If the corresponding key already exists, executing the bf.reserve command will result in an error. If one chooses not to use the bf.reserve command for creation and instead relies on the Bloom Filter created automatically by Redis, the default error_rate is 0.01, and the default capacity is 100.

The error rate of a Bloom Filter is inversely proportional to the required storage space. For scenarios where high precision is not crucial, a slightly larger error rate may be acceptable. Setting the capacity of the Bloom Filter too large will waste storage space, while setting it too small can impact accuracy. Therefore, it is crucial to estimate the number of elements as accurately as possible before usage. Additionally, including some redundancy space is recommended to account for the possibility of the actual number of elements significantly exceeding the set value unexpectedly. In summary, both the error_rate and capacity need to be set to appropriate values.

Introduction to the Principles of Bloom Filters

Having explored the usage of Bloom Filters, let’s delve into the principles of how Bloom Filters work to understand both the outcome and the reasoning behind it.

The data structure of a Bloom Filter in Redis consists of a large bit array and several different unbiased hash functions (capable of evenly distributing the hash values of elements, ensuring a relatively random placement of elements in the bit array).

When adding an element to the Bloom Filter, multiple unbiased hash functions are used to hash the element, resulting in several integer indices. These indices are then subjected to a modulo operation with the length of the bit array to obtain positions. Each unbiased hash function produces a different position. Subsequently, the corresponding positions in the bit array are set to 1, completing the operation of the bf.add command.

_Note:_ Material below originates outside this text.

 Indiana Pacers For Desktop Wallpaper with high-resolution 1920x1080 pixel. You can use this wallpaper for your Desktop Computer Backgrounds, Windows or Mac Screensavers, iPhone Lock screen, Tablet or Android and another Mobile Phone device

When querying the existence of an element in the Bloom Filter, a similar process is followed. The hash functions calculate the positions, and it is checked whether the corresponding positions in the bit array are all set to 1. If any position is 0, it indicates that the element is not present in the Bloom Filter. However, if all positions are 1, it does not conclusively confirm the existence of the element. There is a possibility that these positions are set to 1 due to the presence of other elements. This is the reason Bloom Filters can result in false positives.

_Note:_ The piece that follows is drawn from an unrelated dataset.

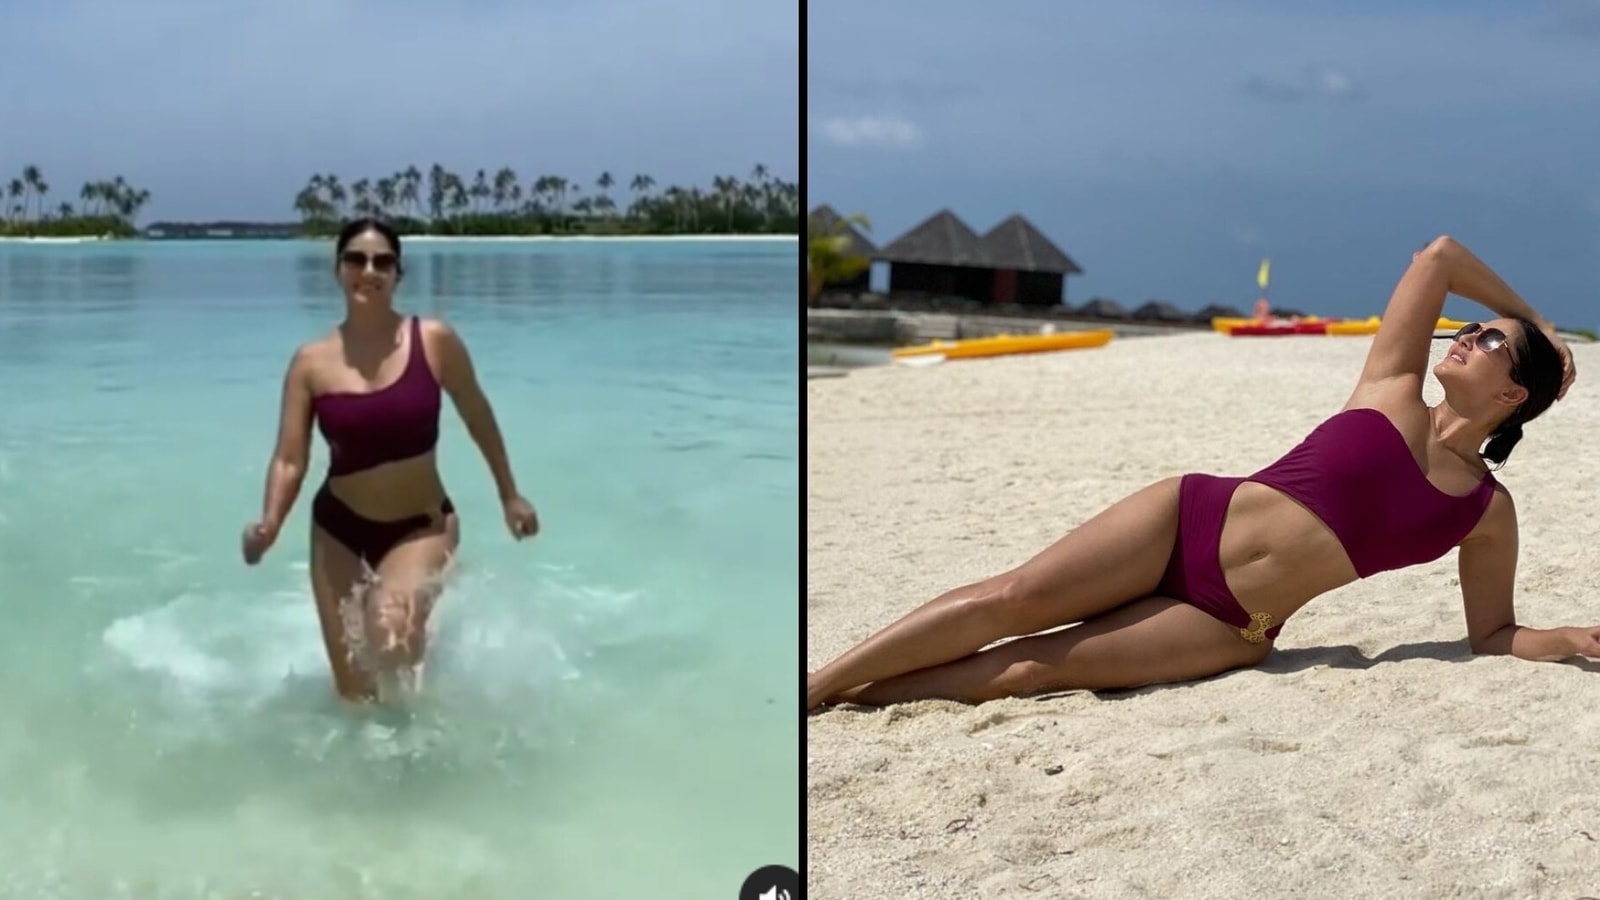 Sanee Lavan Xxx Videos - Sunny Leone does slo-mo run as she emerges from water, blows kiss. Watch  video from Maldives holiday | Bollywood - Hindustan Times

Applications of Bloom Filters

Addressing Cache Breakdown Issues

In typical scenarios, one first checks if the desired data is in the cache. If the data is not found in the cache, a subsequent query to the database is made. When the data is also absent in the database, each query results in a database access, leading to a situation known as cache breakdown. The problem with cache breakdown is that when a large number of requests query for data that doesn’t exist in the database, it puts significant pressure on the database, potentially overwhelming it.

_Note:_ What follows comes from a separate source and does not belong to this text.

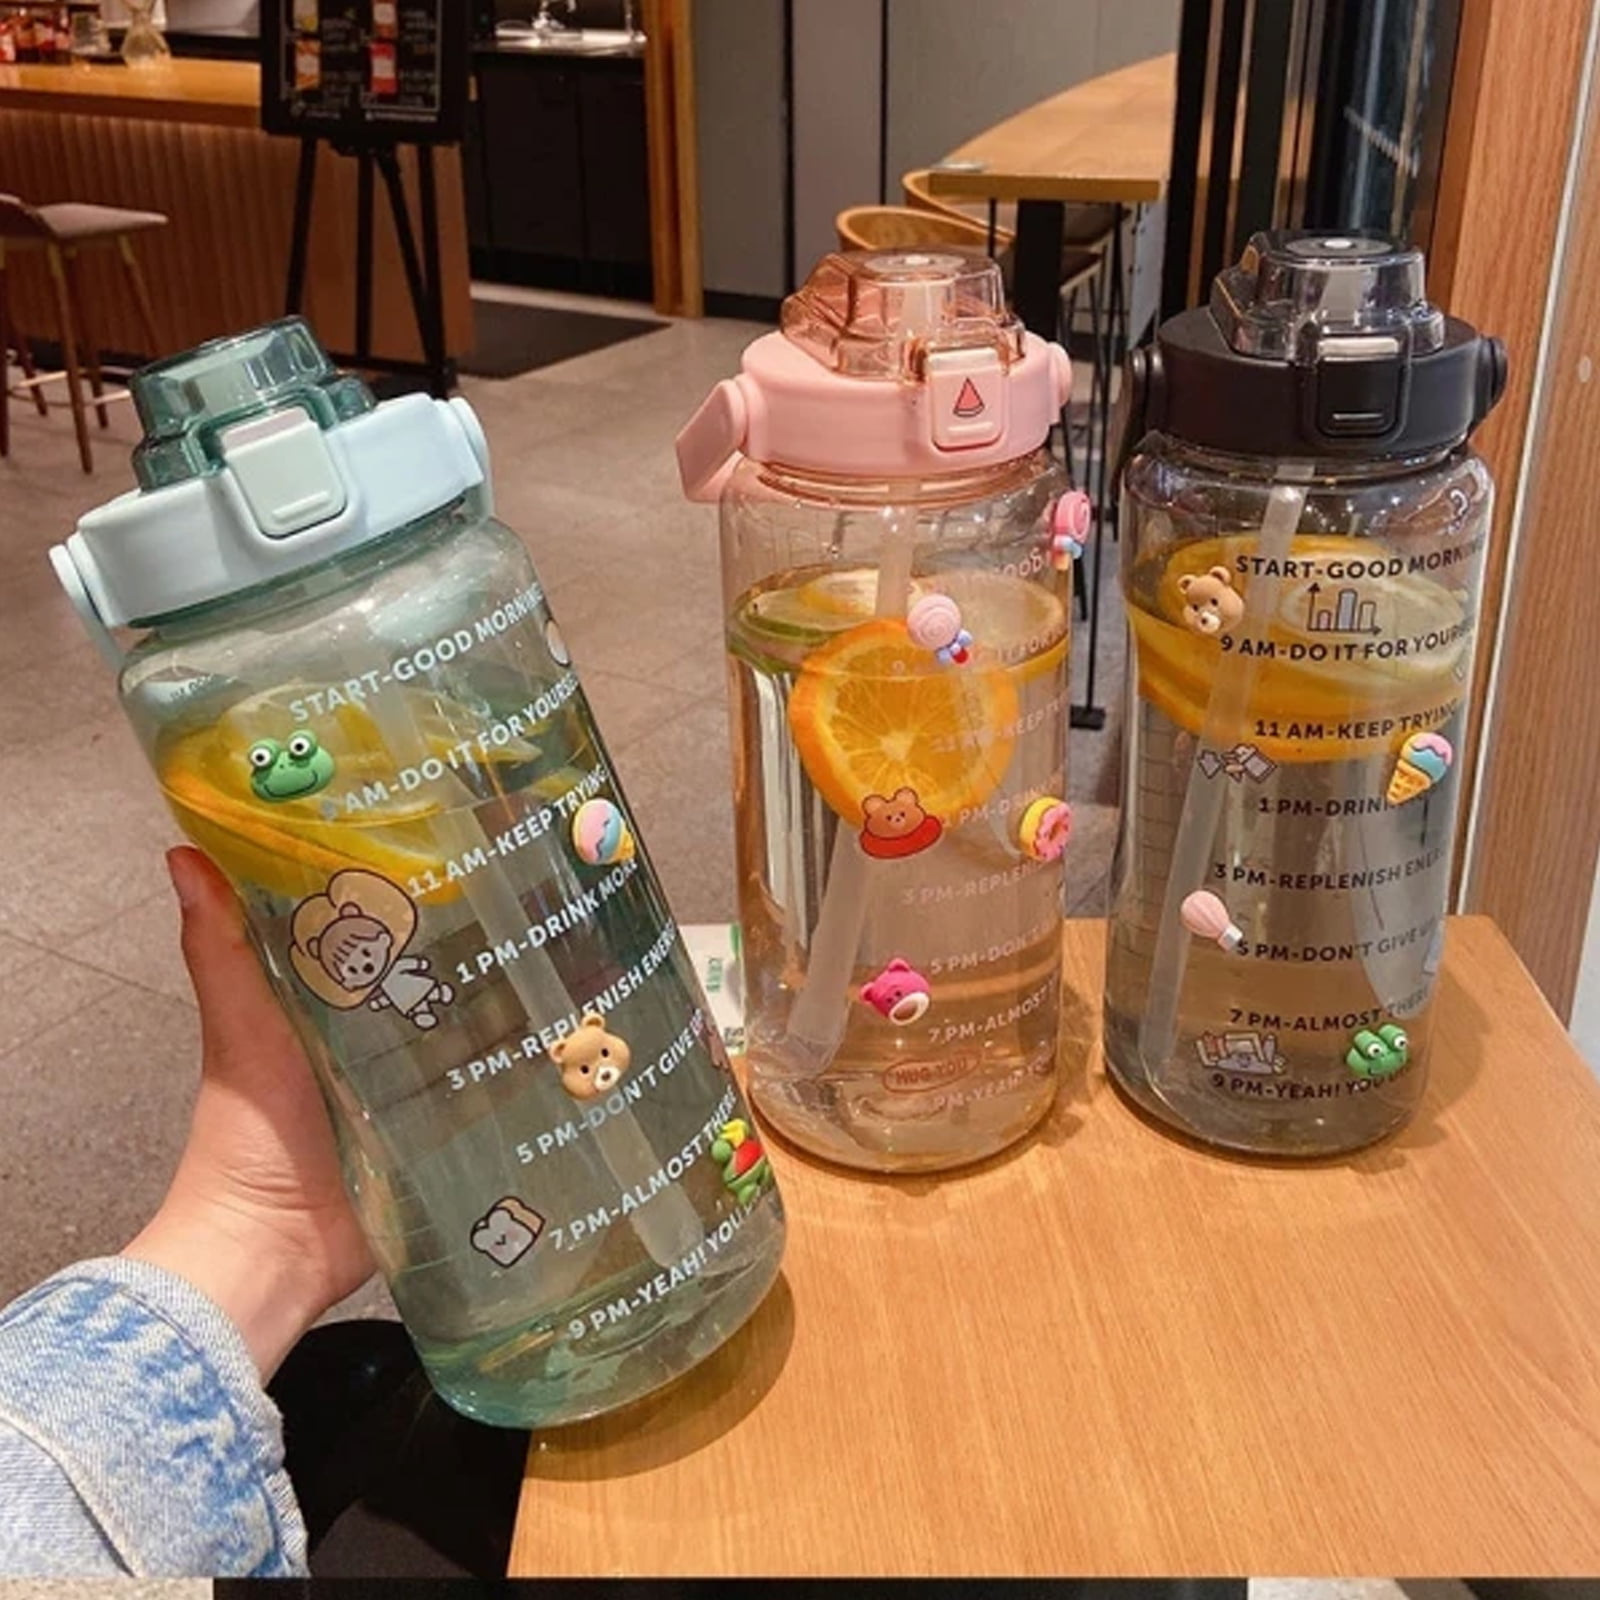 2+0.9 Liter Water Bottle with Straw Girls Large Portable Travel

Bloom Filters can be employed to tackle the issue of cache breakdown. Existing data keys can be stored in the Bloom Filter. When a new request comes in, the Bloom Filter is queried first to check for the existence of the data. If the data is not found, the request is handled accordingly; if the data exists, then the cache is queried, and if necessary, the database is consulted.

Blacklist Verification

Performing specific actions for items found in a blacklist is a common use case. For instance, in spam detection, any email from an address listed in the blacklist is identified as spam. Assuming the blacklist contains a massive number of entries, storing it can be storage-intensive. Bloom Filters present an effective solution in this context. All blacklist entries can be placed in the Bloom Filter. When an email is received, it is checked against the Bloom Filter to determine if the email address is in the blacklist, enabling efficient and space-saving blacklist verification.